» **Try it**:
Pictures stay out; everything else in the listing below is to be restated word for word.

» **Information supplied**:
+ + + + +

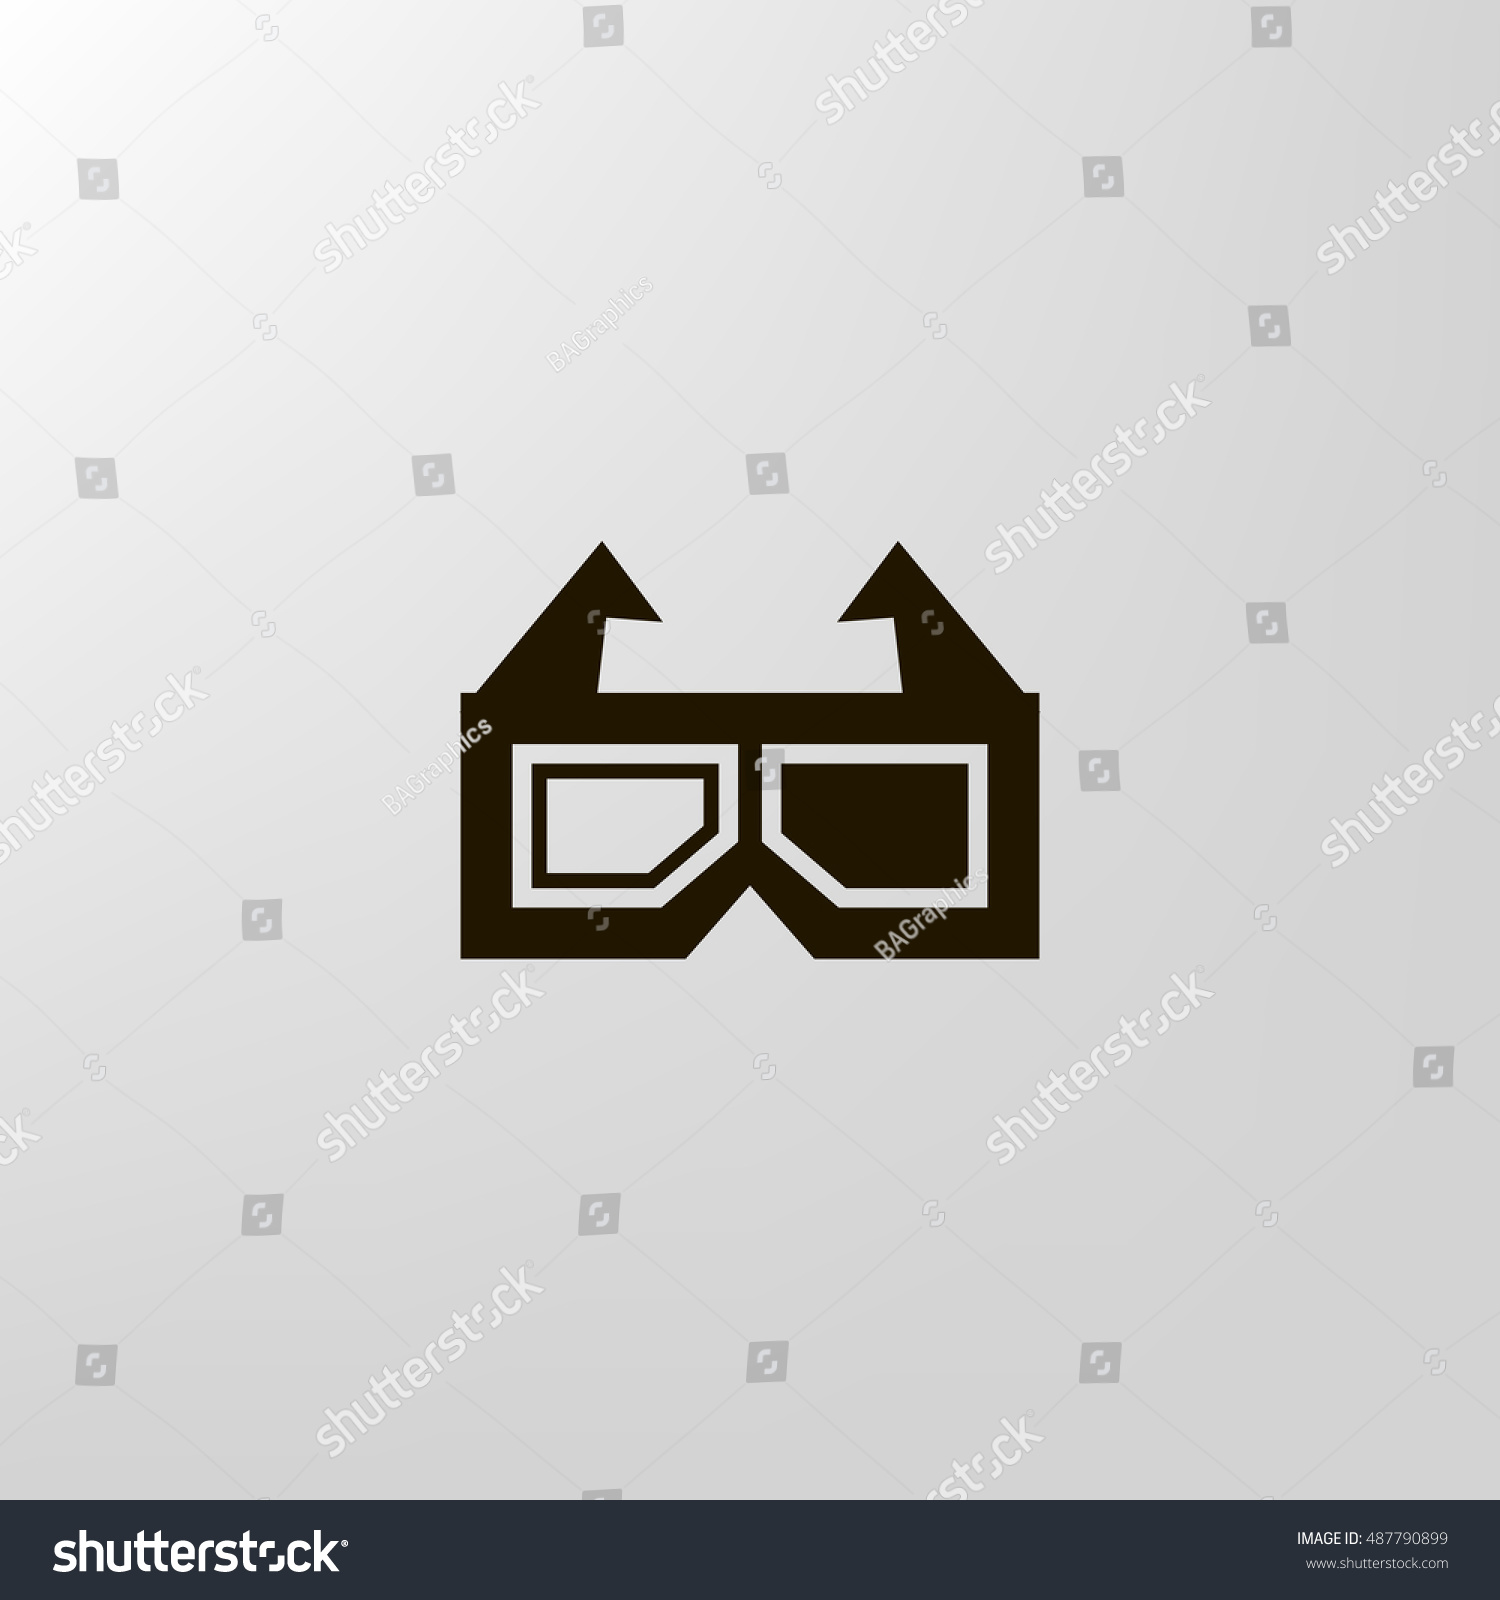 Download 3d Glasses Icon Vector Clip Art Stock Vector Royalty Free 487790899
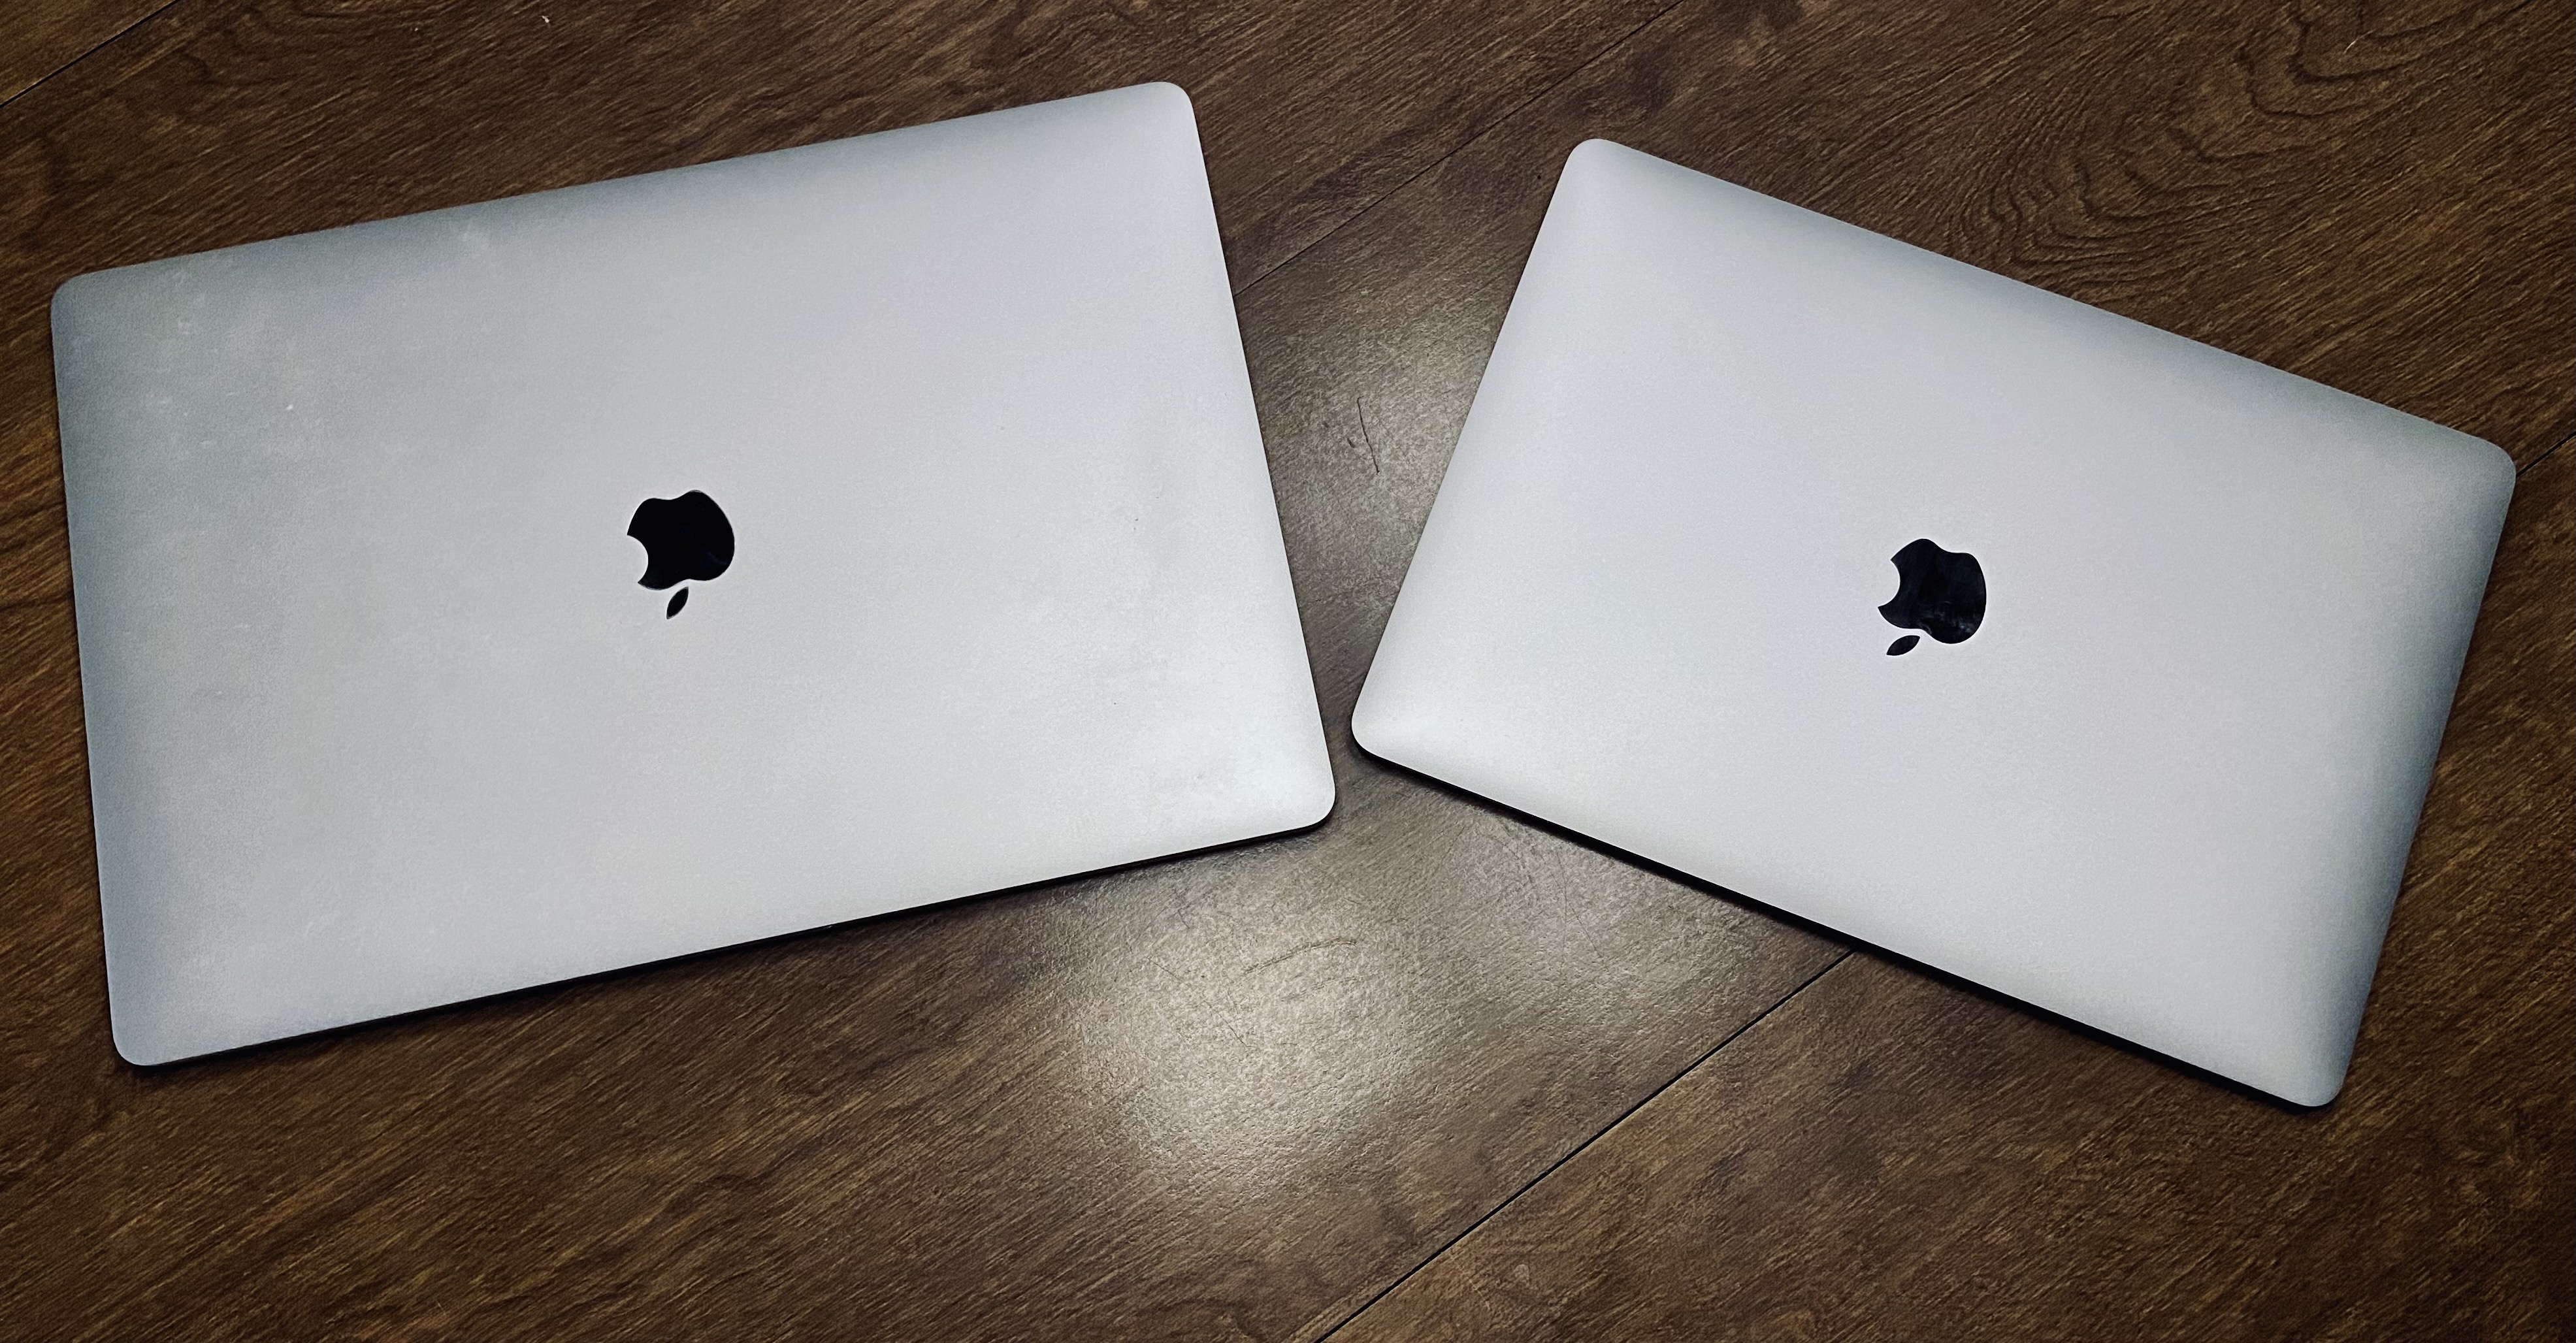 Both Macs, closed on table
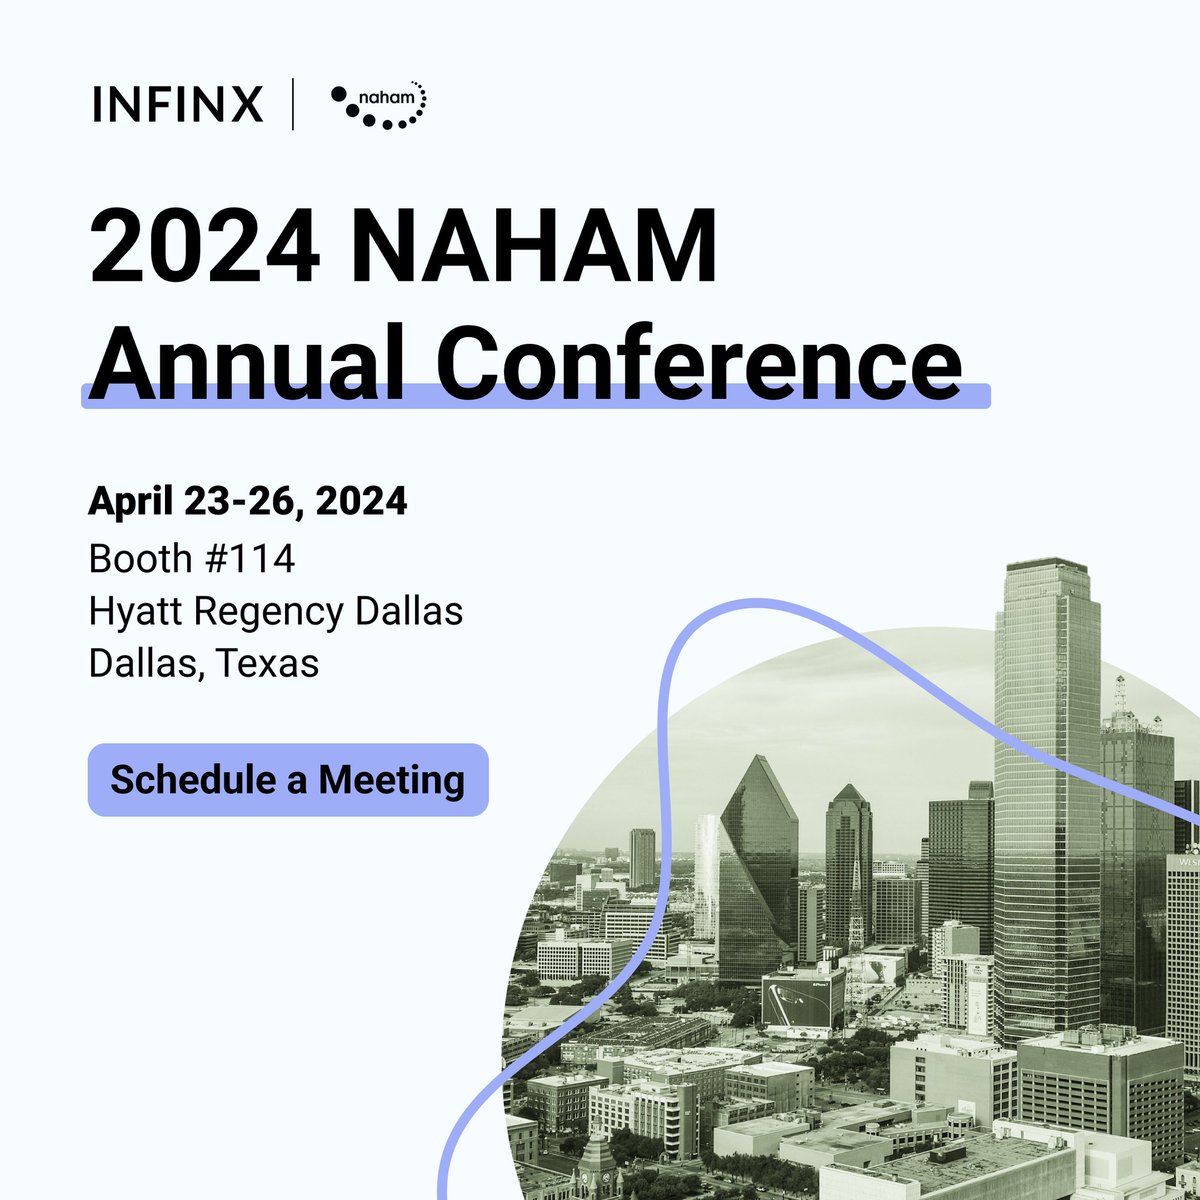 David Byrd and Nathan Skorick will be in booth #114 at the NAHAM 2024 offering a comprehensive assessment of prior authorization gaps, revenue shortfall detections, and more. hubs.li/Q02s7WZn0 #PriorAuthorization #RCMAutomation #PatientAccess #PatientPay #NAHAM24 #RCM

+ + + + +

» **Output below**:
 Download 3d Glasses Icon Vector Clip Art Stock Vector Royalty Free 487790899
 Both Macs, closed on table
 David Byrd and Nathan Skorick will be in booth #114 at the NAHAM 2024 offering a comprehensive assessment of prior authorization gaps, revenue shortfall detections, and more. hubs.li/Q02s7WZn0 #PriorAuthorization #RCMAutomation #PatientAccess #PatientPay #NAHAM24 #RCM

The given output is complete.